Day 40: Sdot Yam to Zichron Ya'akov
Day 40: Sdot Yam to Zichron Ya'akov
Day 40, April 8: Saw Caesarea, rain on beach. Climbed south end of Mt. Carmel. Also very nice area. Trail marks again hard to follow, fair amount of bushwhacking. Currently not on trail. At junction waiting for trail angel - Joyce's knee just gave out again. Sort of glad to avoid more bushwhacking through what looks like difficult terrain. Slept @ trail angel - cool attic.
Caesarea is one of the larger and better-preserved Roman cities in Israel. It was a major port and also notable for St. Paul having been held prisoner there before being shipped off to Rome. I thought it was odd that, given that the alleged site of just about every Bible story seems to have a church or a shrine on it, that the prison around here never had one built on top of it. After all, the location of things like Jesus' birth or tomb are pretty dubious, the sources being along the lines of the word of a random shepherd, or a private revelation given to St. Helena. But if archaeologists can locate a prison in Caesarea from the right time period, then it's fairly reasonable to assume Paul was in one of those cells, right? But it's also not as important of a story as, say, the location of the rooster that crowed while Peter was denying Jesus; obviously that one deserved the church that it got.
The ruins also include a large hippodrome, or chariot racetrack, some mansions, a Mithraeum, and a massive aqueduct running for kilometers along the beach north of the city.
We also passed through Jisr az-Zarqa, the first of a handful of Arab towns that the trail crosses. The Israeli Arab population is mostly concentrated in the Galilee, which is half-and-half Jewish and Arab. In the center there are only a few Arab towns, and in the Negev it's just scattered Bedouins, either in the settlements they've been corralled into, or still wandering as semi-nomadic pastoralists.
The only Jewish town the trail technically passes through (rather than close to) is the greater Tel Aviv area; this is basically because it can't pass through most Jewish towns due to their layout. Almost all new towns and communities in Israel (which are all Jewish - no new Arab towns have been zoned since '48) are built in a very planned fashion, and all the smaller towns are reachable only by a single access road leading to them from the nearest highway. They also tend to have fences all around them, which may or may not have unlocked gates. As a result, routing the trail through them is just not an option.
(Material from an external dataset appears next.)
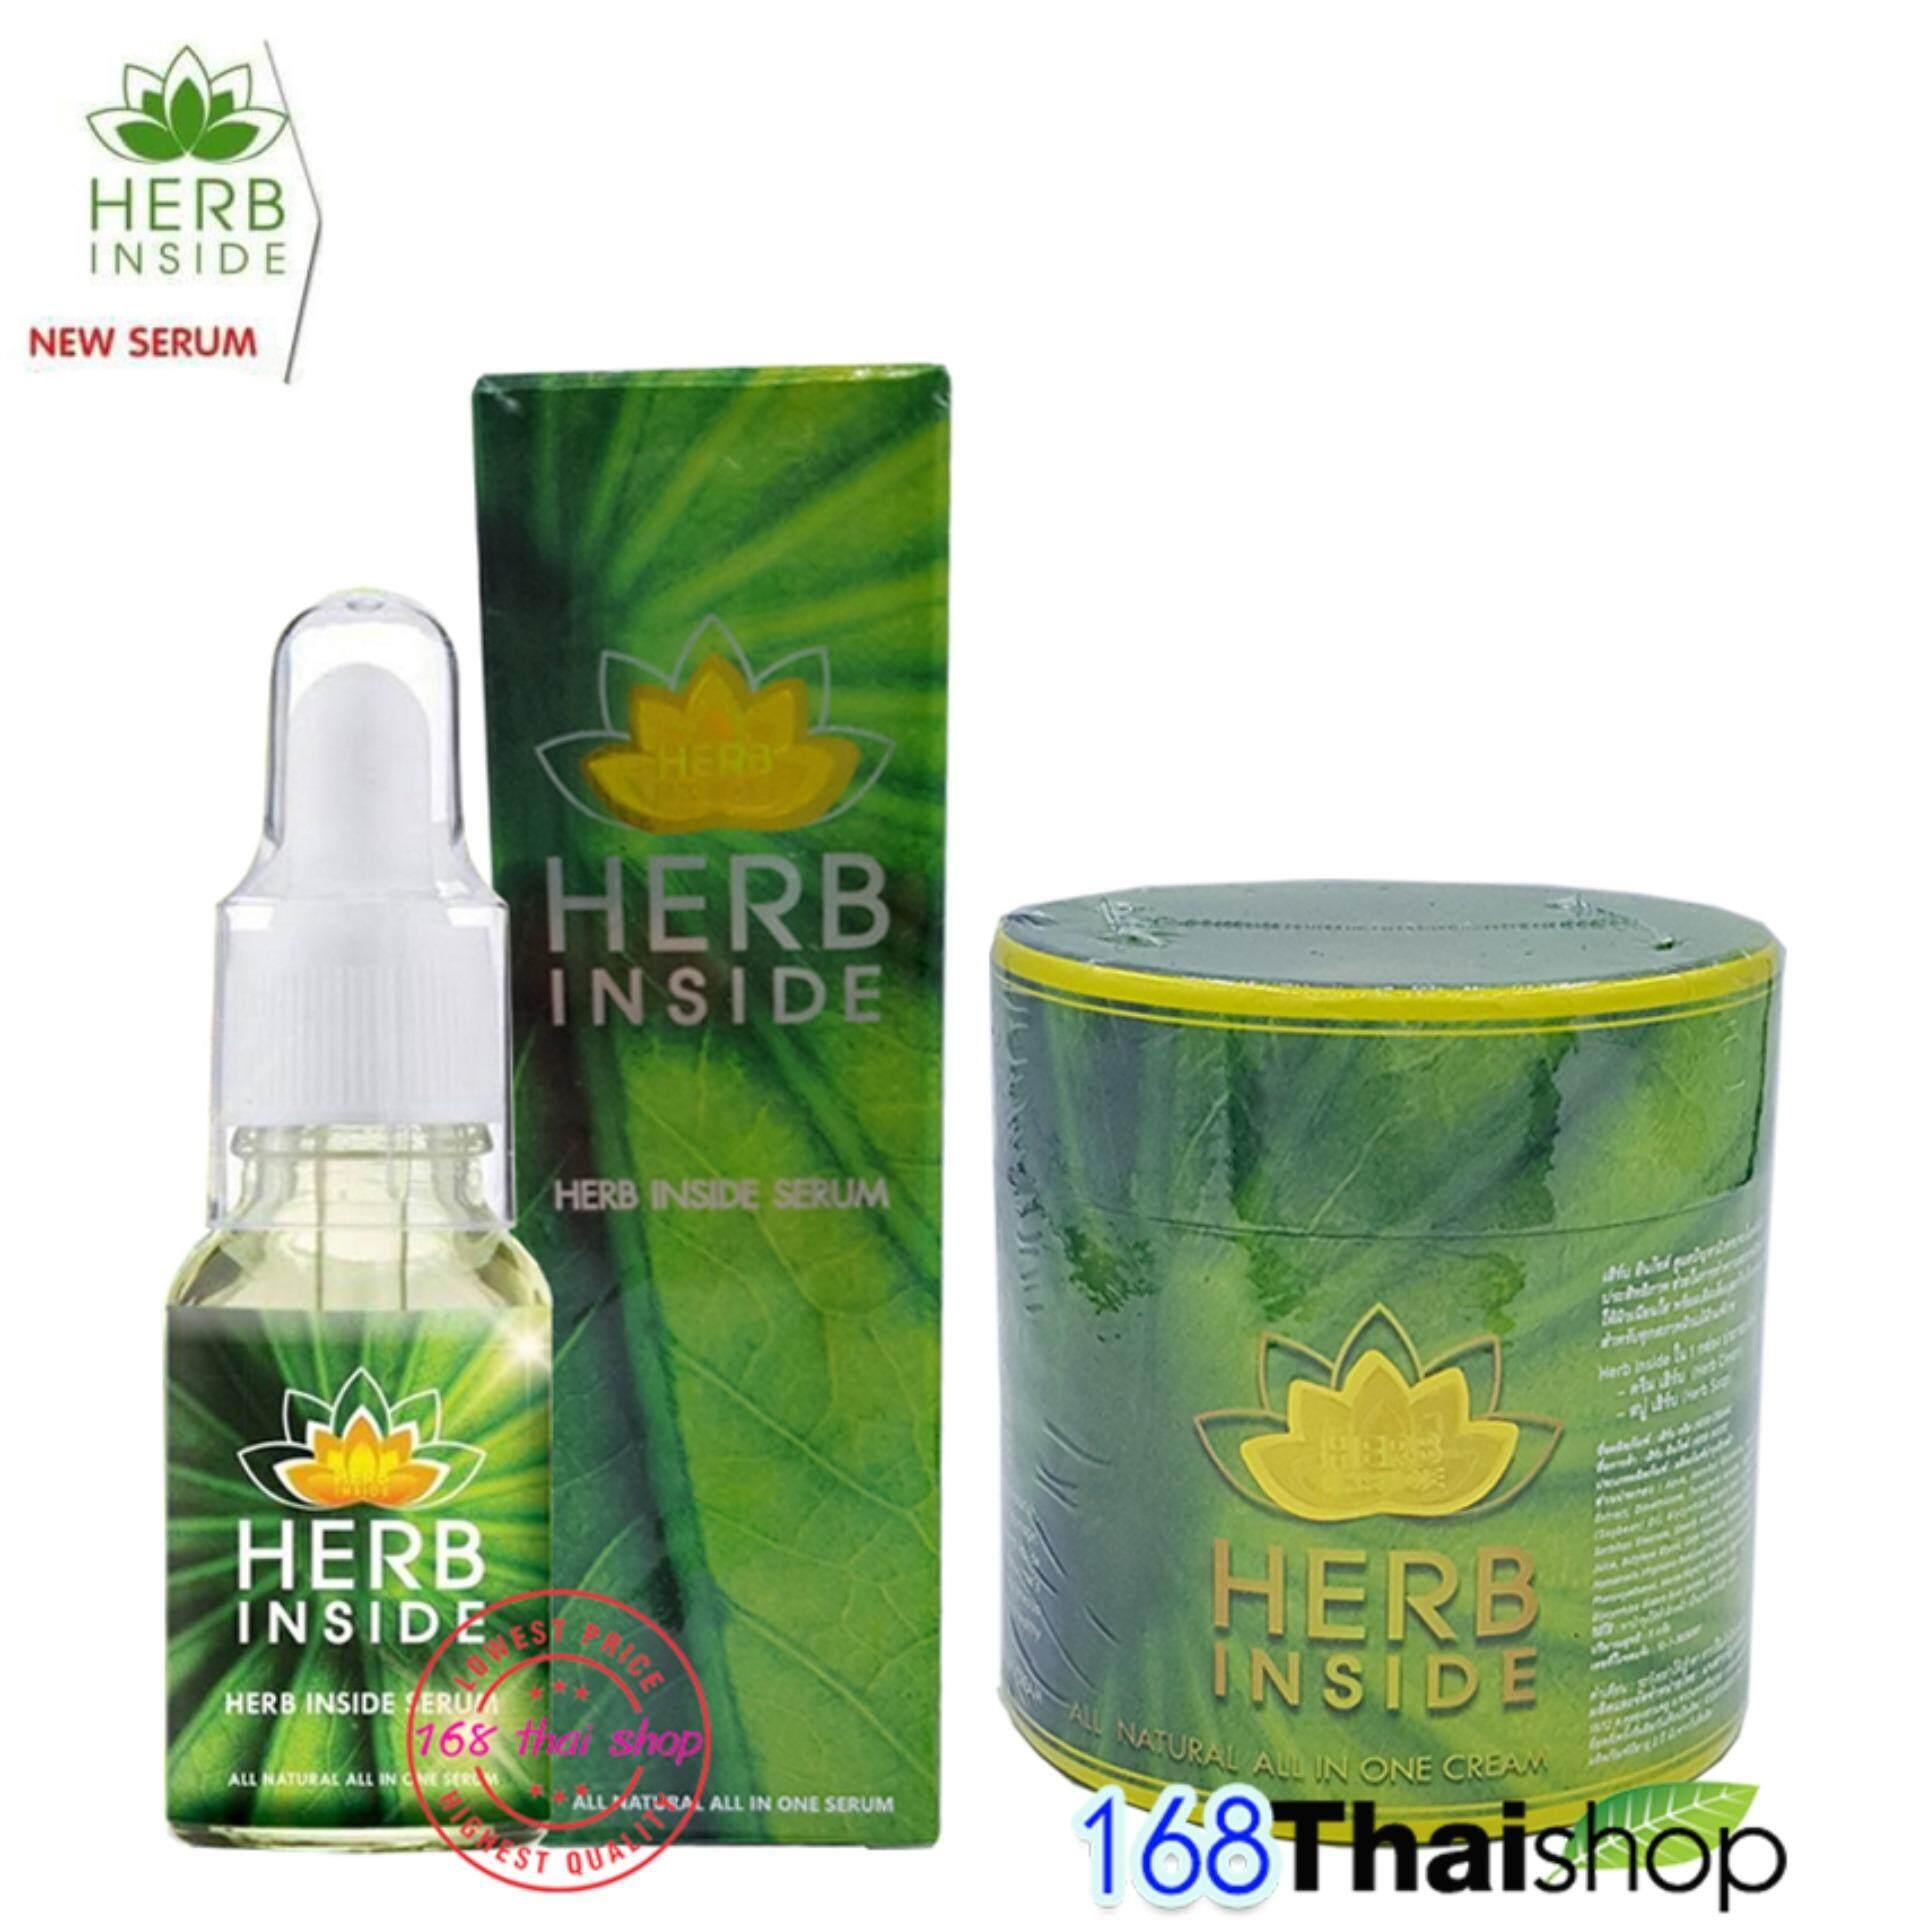 ขาย ซื้อ Herb Inside Serum เซรั่มบำรุงผิวหน้า บรรจุ 15 Ml Herb Insideครีมสมุนไพรเฮิร์บอินไซด์ ครีมหน้าใส รักษาฝ้า สบู่ และ ครีม ขนาดทดลองX 1ชุด

Arab towns, on the other hand, are old and sprawling, having grown up organically with basically no planning involved. They are labyrinths, but because there tend to be lots of dirt paths leading up to the edge of town where they join paved roads, and thanks to the lack of fences or gates around them, you can have a hiking trail walk right through the middle of one. It's a shame the trail doesn't go through more towns, since it would mean more exposure to locals, not to mention the great convenience to hikers of walking right past grocery stores rather than having to detour several kilometers, as was often the case.
Idan was set to rejoin us on the far side of Mt. Carmel. I had hiked a bit in the Carmel just before starting the Israel Trail and it was one of my favorite spots in the country, so I was excited about returning. We ended up getting picked up by a very generous trail angel in Zichron-Ya'akov, a largeish city on the southern Carmel. Apparently, it's actually a moshav grown out of control. More exactly, it's a moshava, although what the difference is, I could not tell you. This family had us stay for Shabbat dinner, which was a very lax and secular affair, and in any case only the mother and daughter of the family were home. Their daughter was the one that told us about diving for valuables in En Akev.